The Court of Appeal has given guidance on this point which overrules the previous authority (Hambleton ). In particular, the injunction must be ‘proportionate’ – it must be ‘appropriate and necessary for the attainment of the public-interest objective sought’ whilst at the same time not imposing ‘an excessive burden on the individual whose private interests are at stake’. In practice, this means:
the judge is not entitled to reach an independent view of the planning merits of the case but must take the actual or anticipated breach of planning control as a given;
the judge should not grant an injunction unless he is prepared to contemplate committing the defendant to prison if there is a breach of that injunction. This means the judge must also consider questions of hardship for the defendant that would result from granting the injunction;
the court will want to look at the degree in flagrancy of the breach of planning control, as well as the enforcement history, and any degree of urgency. It will also want to see whether the LA adopted the correct approach of ‘proportionality’ when it reached its decision.

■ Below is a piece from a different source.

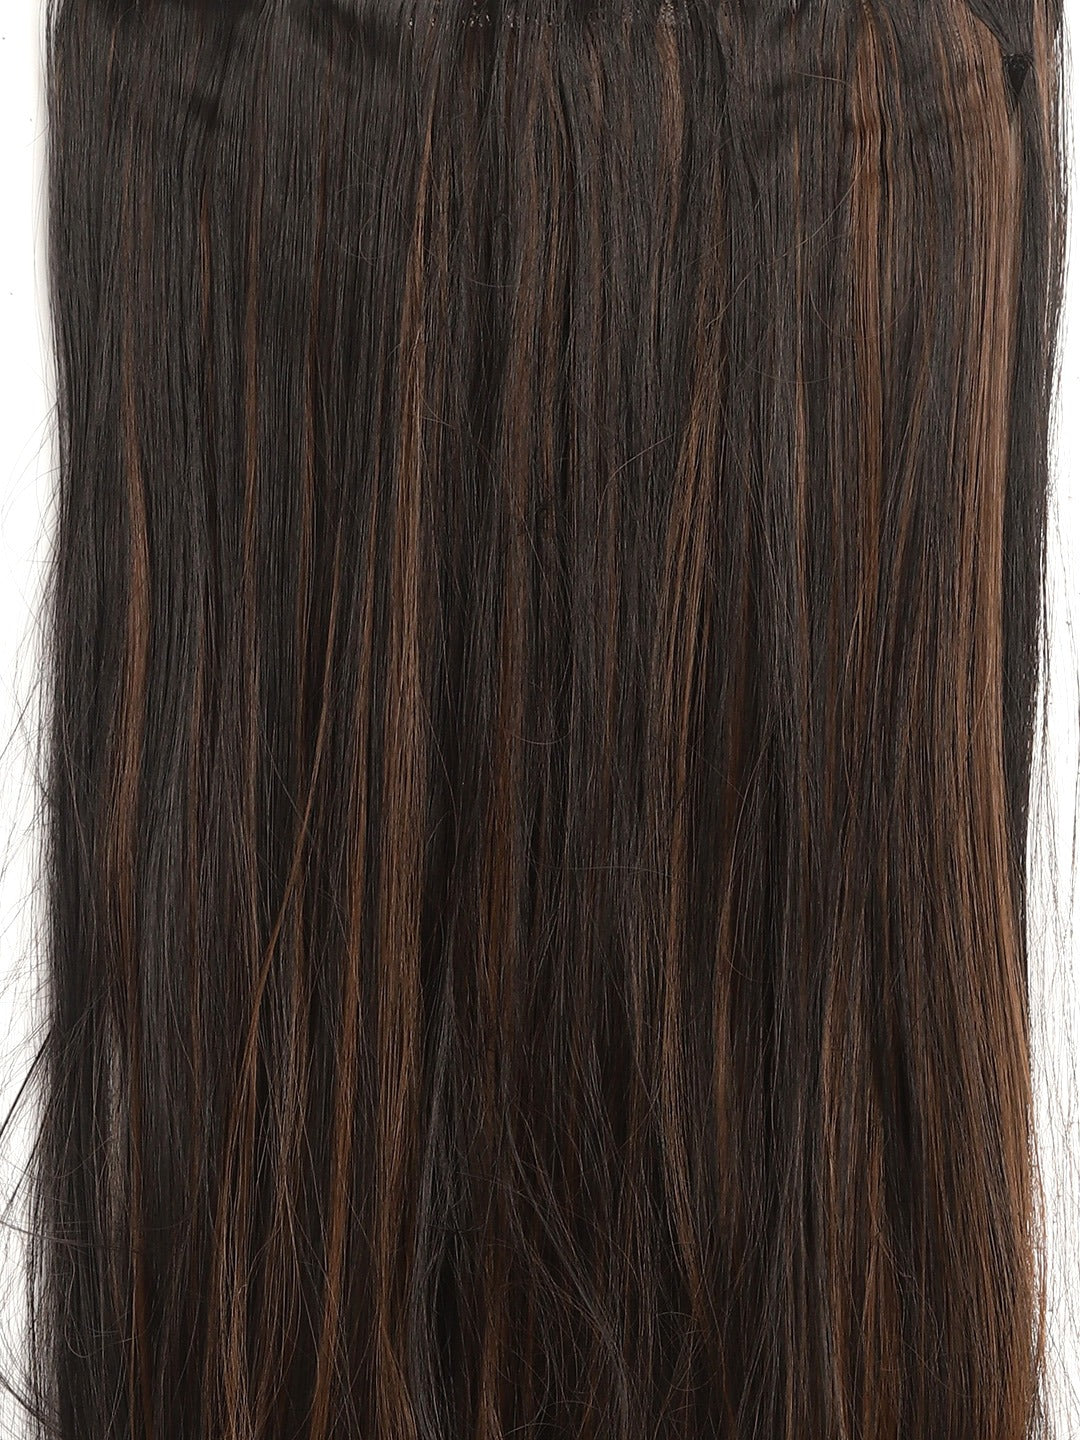 Blueberry brown / golden 5 Clips Straight premium Hair Extension

The end result of this is that it will be far harder for LAs to obtain injunctions against residential occupiers. Indeed, an injunction to pre-empt an anticipated breach is more likely to be successful (i.e. if the LA can obtain the injunction before the occupation begins then so much the better). Moreover, although this decision was in the context of gypsies on Green Belt land, the principles will apply in all residential cases. As a note in the Gazette puts it, ‘henceforth LA’s are unlikely to get an injunction unless they can show a history of persistent failure to observe the planning process, coupled with evidence of actual damage to the environment which, on balance, outweighs the hardship caused to the gypsies or the particular individual concerned’. See note on South Bucks DC v Porter  in  LSG 25 October 37;  EG 27 October 180.